The complexity of Dikjstra's algorithm for a graph $\mathcal G=(\mathcal E,\mathcal V)$ can be evaluated as:

- the initialization step costs $O(|\mathcal V|)$
- the while loop is run at most $O(|\mathcal V|)$ times since vertices in $\bar A$ (
`notA`) are successively deleted and can never reappear.- within each loop, a search of the highest distance node is performed, which by default is also $O(|\mathcal V|)$ in the worse case. But can be improved! say the resulting cost is $O(x)$: the total cost over the while loops is then $O(|\mathcal V|x)$
- again within each while loop, we conditionally update the distance for vertices not in $A$ (
`A`). These are in number also $O(|\mathcal V|)$ in total.
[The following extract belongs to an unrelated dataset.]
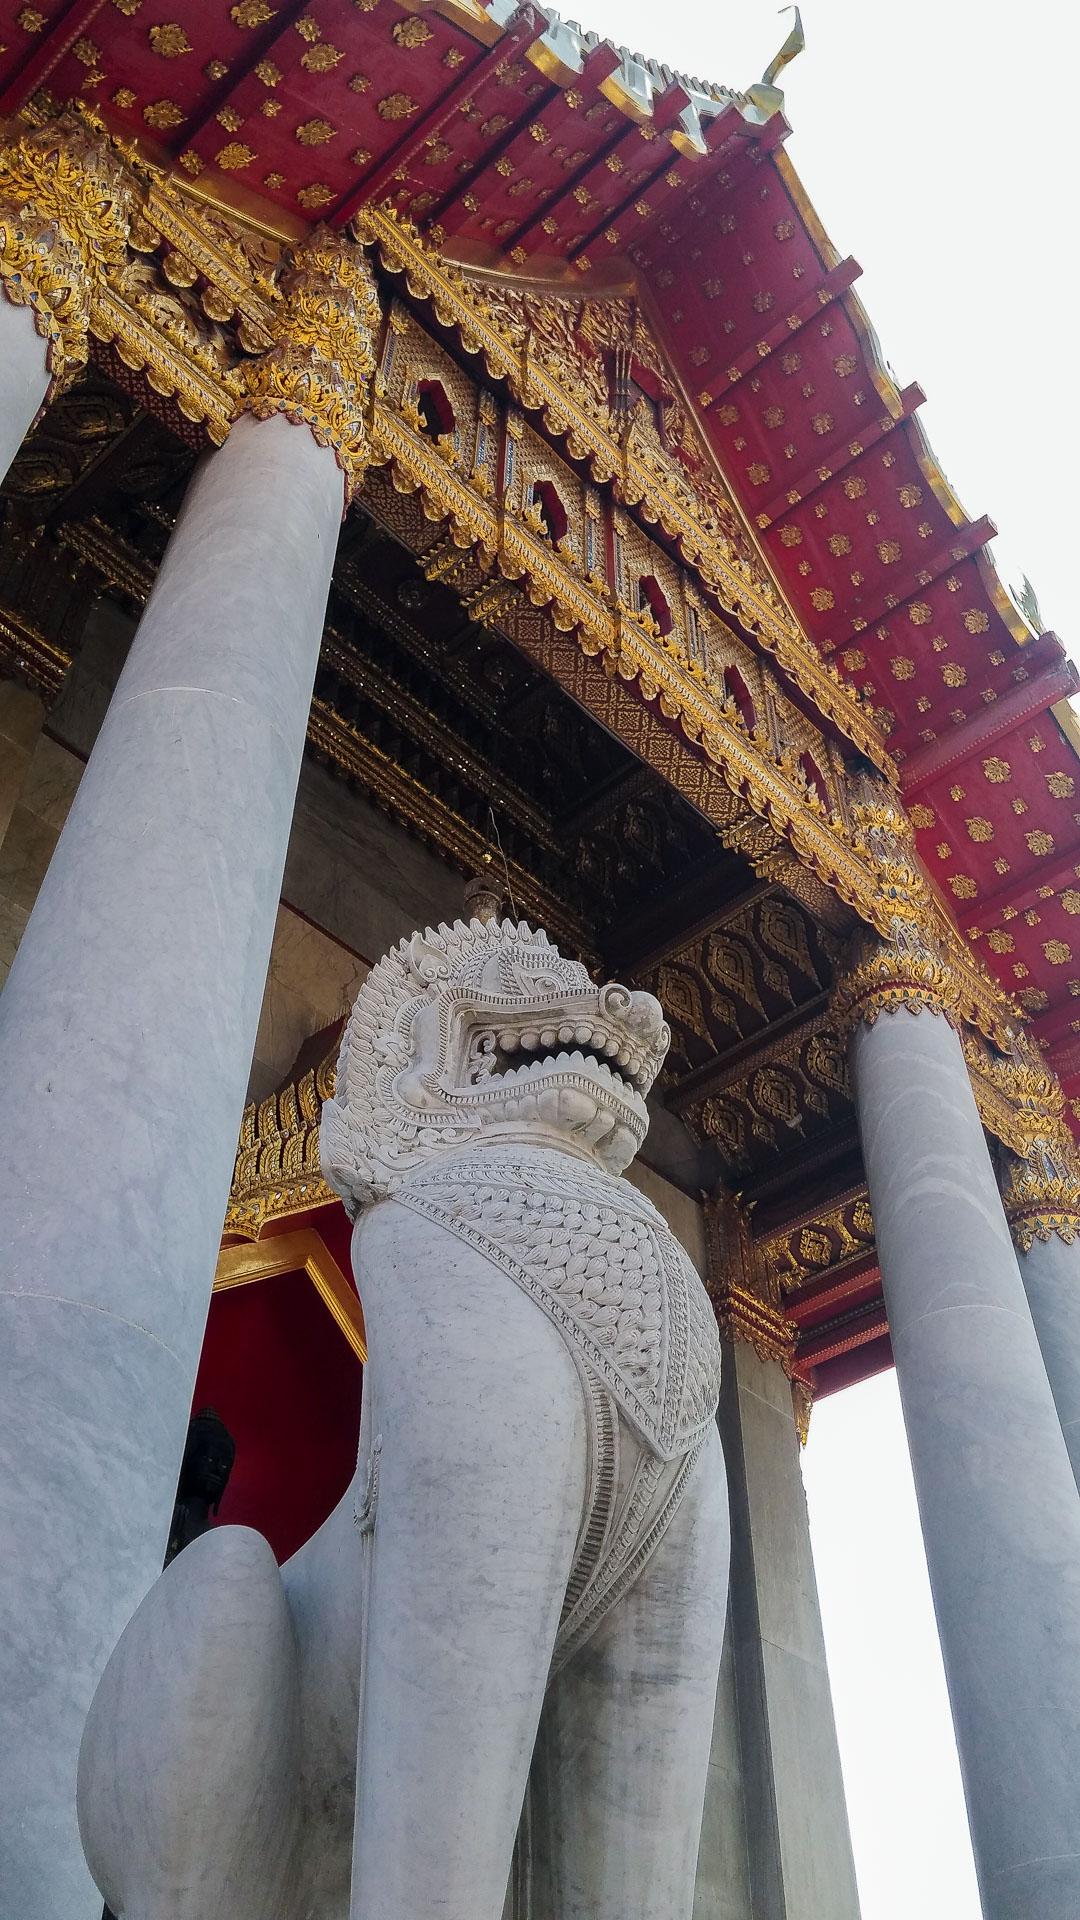 bangkok_0094-2

However, only "neighboring nodes" will ever be considered, so the total number of iterations of this part of the while loop, summed over all while loops, is rather $O(|\mathcal E|)$ in total (which in sparse graphs would be much less than $O(|\mathcal V|^2)$. Assuming that the actual updating operation has cost $O(y)$, the maximum cost for this part of the loop is then $O(|\mathcal E|y)$.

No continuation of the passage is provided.